February 02, 2016
Here's Why Manufacturers Need Business Continuity
As a manufacturer, production speed can determine how you measure up when compared to competitors with similar products. Nowadays, your equipment relies heavily on the technology in the background. If something were to happen that compromised your systems, how long could you afford to halt production?
To determine how much downtime you can afford, here a few things to consider. Should production stop:
- The inability to fill quotas affects sales.
- ‘Out of stock’ messages disappoint customers and damage your reputation.
- You’ll likely be paying employees who are standing around, waiting for a solution.
If you place a dollar amount on each of the above, you can estimate how much you’re at stake to lose depending on the length of downtime.
So what causes downtime for manufacturers?
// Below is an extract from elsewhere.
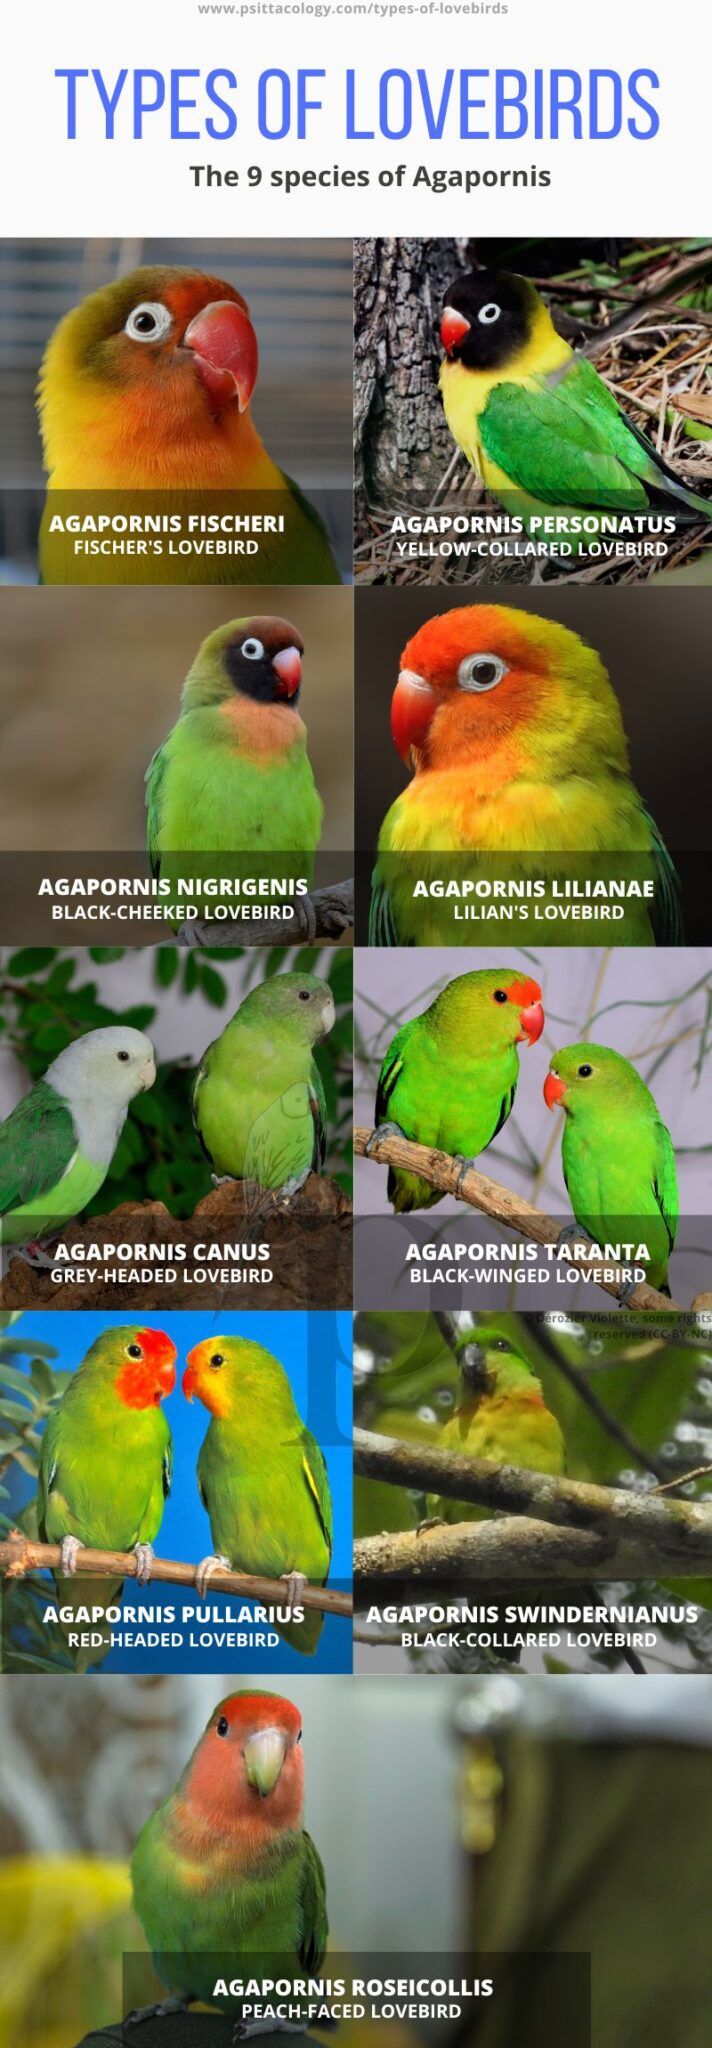 Chart showing 9 different types of lovebirds (Agapornis).
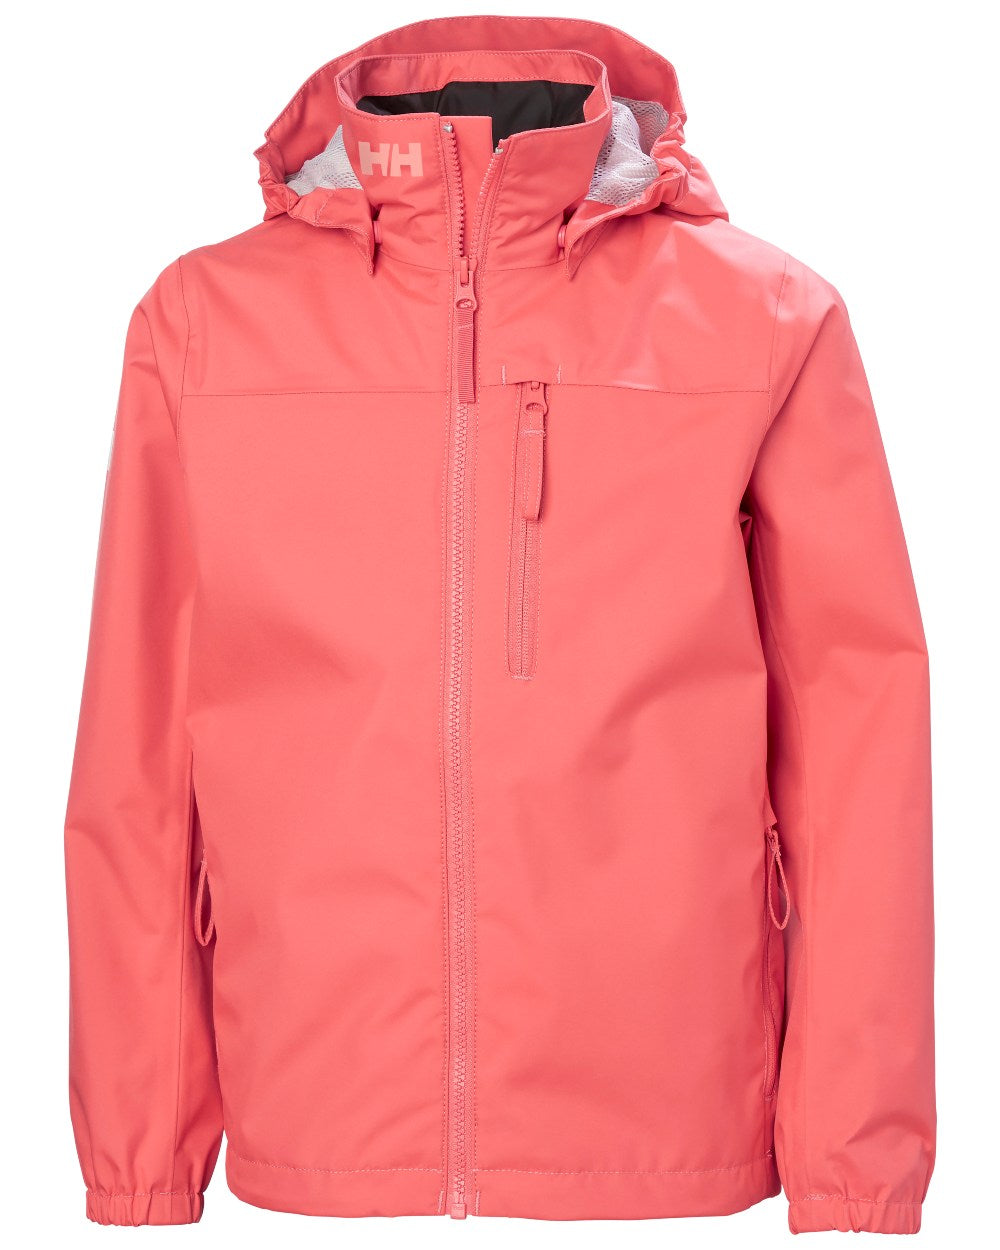 Sunset Pink Coloured Helly Hansen Childrens Crew Hooded Jacket On A White Background

Like all other businesses, manufacturers are susceptible to fires, floods, hurricanes, etc. Natural disasters can ruin plants and halt production indefinitely. However, the human factor plays a role in downtime as well. There is certain data that manufacturers fear losing, and when that loss occur, it’s usually humans who are at fault.
In a recent survey by Kaspersky Lab, manufacturers reported “Internal Operational Information” and “Intellectual Property” as data they most feared losing. The survey also told of malware being the most common cause of data loss. Network intrusion and targeted attacks were also listed as causes of data loss.
How should a manufacturer protect their data?
The first thing a manufacturer can do to protect their business critical data, is outsource their IT needs to an expert who has worked with that vertical before. A provider who understands which data is most important and the possible implications of downtime will be able to provide the best solution.
An awesome provider will also serve as an extension of your IT team, providing you with timely software and hardware updates, maintenance, and backups.
Ultimately, there are many factors to consider when selecting a business continuity solution for a manufacturing company.